Closed CoCoNuTeK closed 1 week ago

CoCoNuTeK commented 2 weeks ago

Hello there, what would you recommend as the best torch_dtype param?? Given the tradeoffs?? Or was the model trained only using the bfloat16?? Thanks for the answer.

abdulfatir commented 2 weeks ago

@CoCoNuTeK The models were trained with tf32 (a 19-bit CUDA floating point format that's a replacement for fp32). We recommend bf16 for inference, especially if your machine supports that. It should require less memory and be much faster that fp32. Please note that we are talking about the model's parameters (torch_dtype in the pipeline) here. DO NOT cast your time series into bf16 as that may result in loss of information.

CoCoNuTeK commented 2 weeks ago

@CoCoNuTeK The models were trained with tf32 (a 19-bit CUDA floating point format that's a replacement for fp32). We recommend bf16 for inference, especially if your machine supports that. It should require less memory and be much faster that fp32. Please note that we are talking about the model's parameters (torch_dtype in the pipeline) here. DO NOT cast your time series into bf16 as that may result in loss of information.

Ah, okay so i just keep my datapoints in format as they are, so if its stock data, i just feed them in as is, thanks for the info. And for the finetuning part should I use bf16 aswell?

abdulfatir commented 2 weeks ago

For fine-tuning, the recommended settings are in the training script which uses tf32 for training. Of course, you're free to experiment with other dtypes and hyperparameters.

P.S.: I don't want to constrain your creativity but please be mindful when applying a univariate pretrained model such as Chronos to stock data, which is often heavily influenced by external factors. :)

CoCoNuTeK commented 2 weeks ago

For fine-tuning, the recommended settings are in the training script which uses tf32 for training.
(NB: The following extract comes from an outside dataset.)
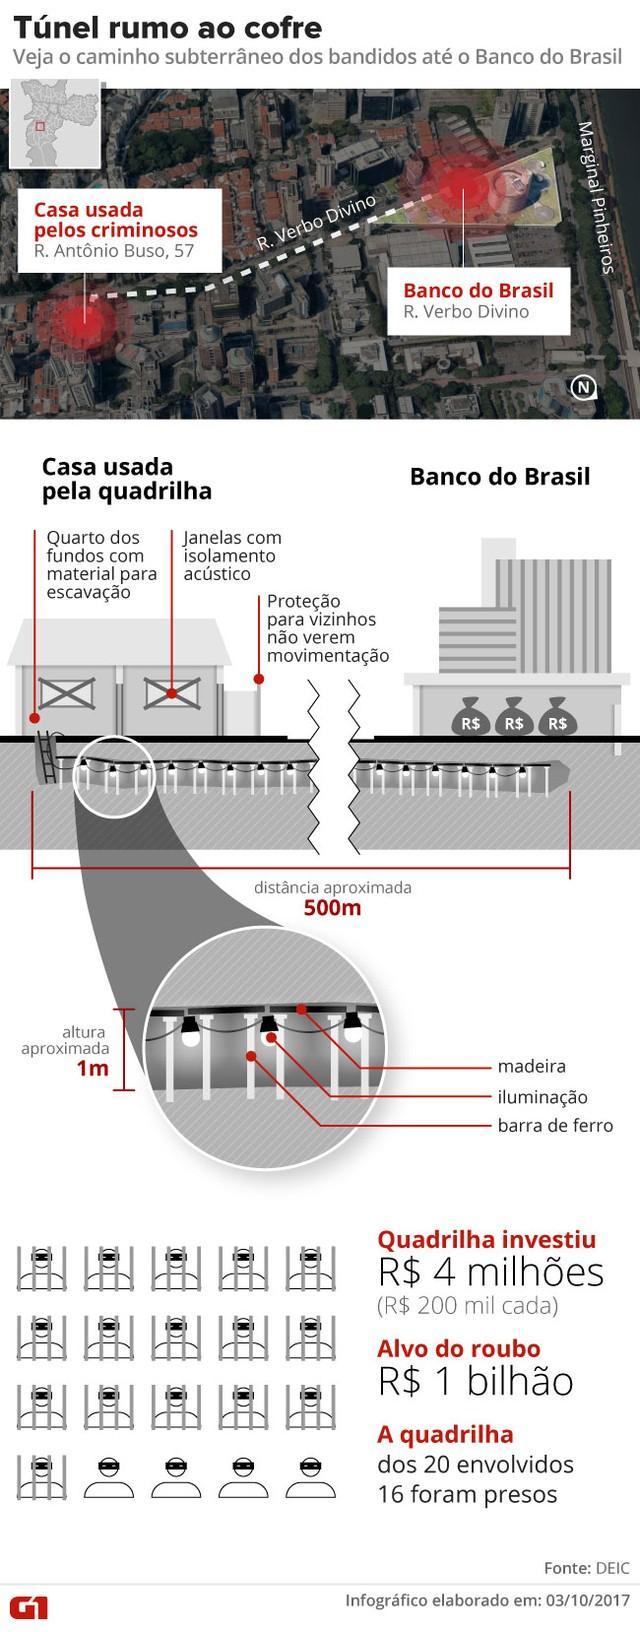 Caminho que seria percorrido pela quadrilha presa em São Paulo (Crédito: G1/TV Globo)
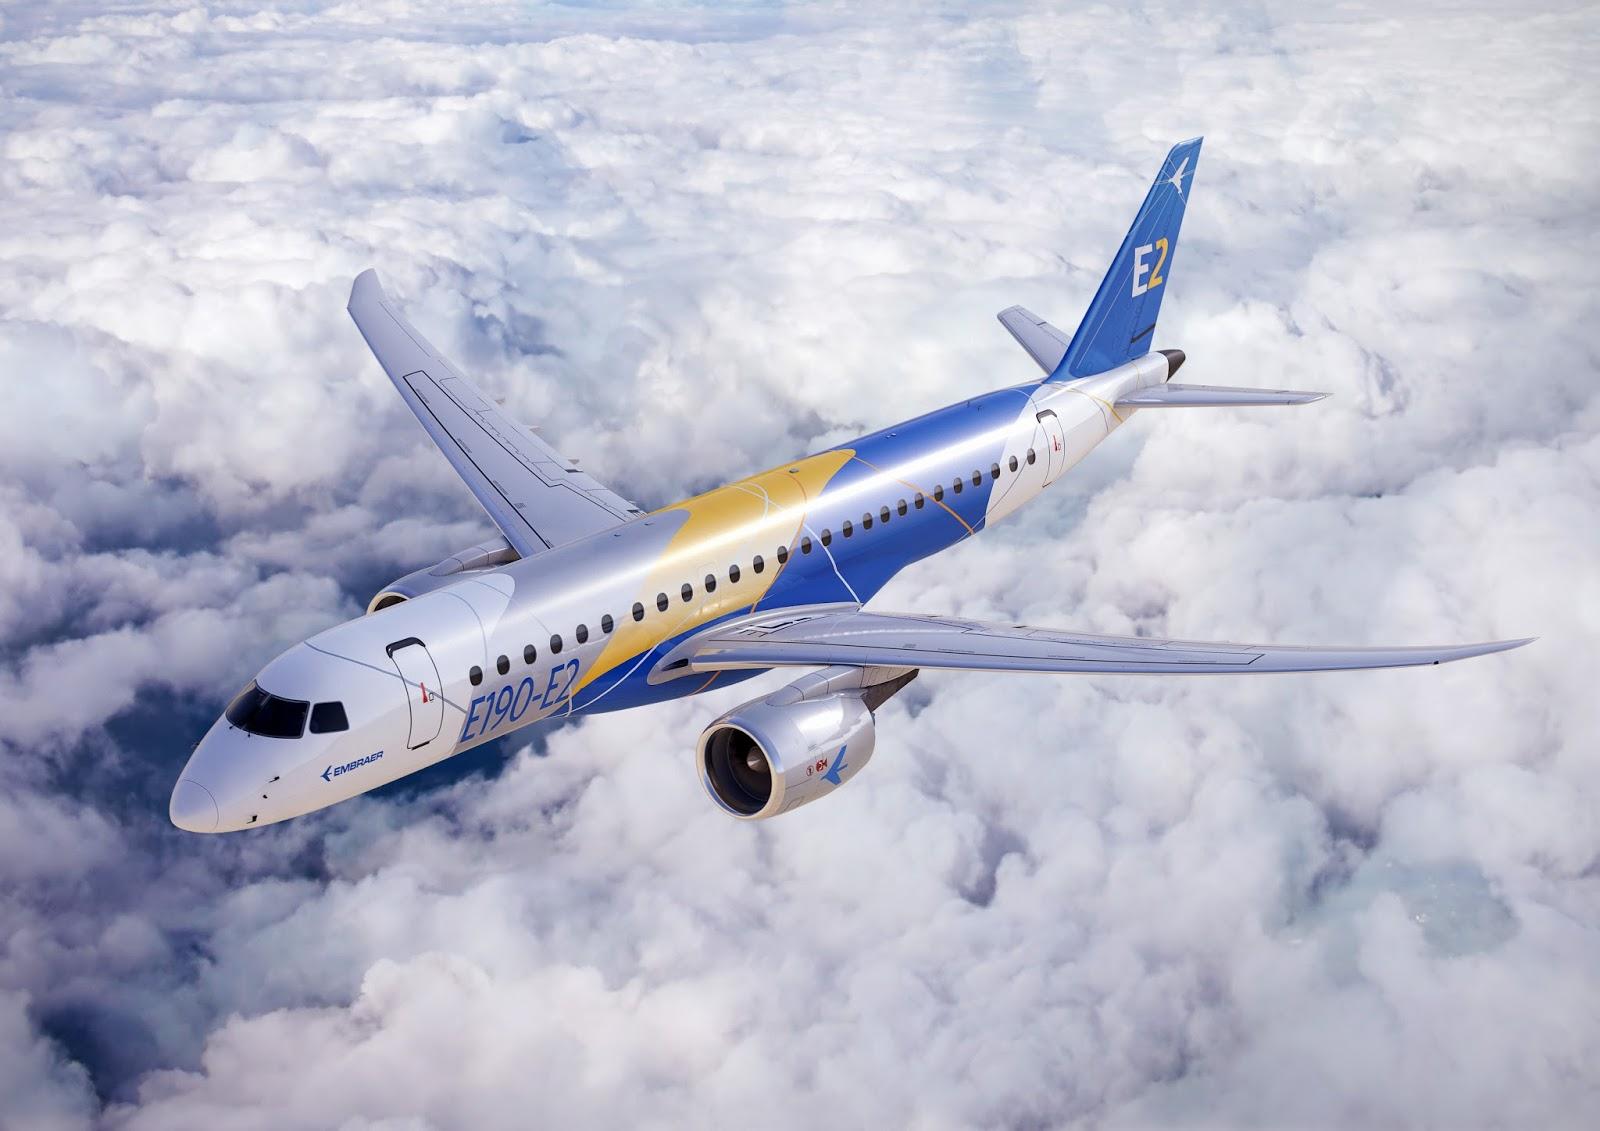 NINJA: Embraer / E-Jets E2

Of course, you're free to experiment with other dtypes and hyperparameters.

P.S.: I don't want to constrain your creativity but please be mindful when applying a univariate pretrained model such as Chronos to stock data, which is often heavily influenced by external factors. :)

I mean long term predictions for sure, but some day trading stuff could work if i try 1 tick = 5mins lets say it could find interesting stuff hopefully, i will let you know if you want.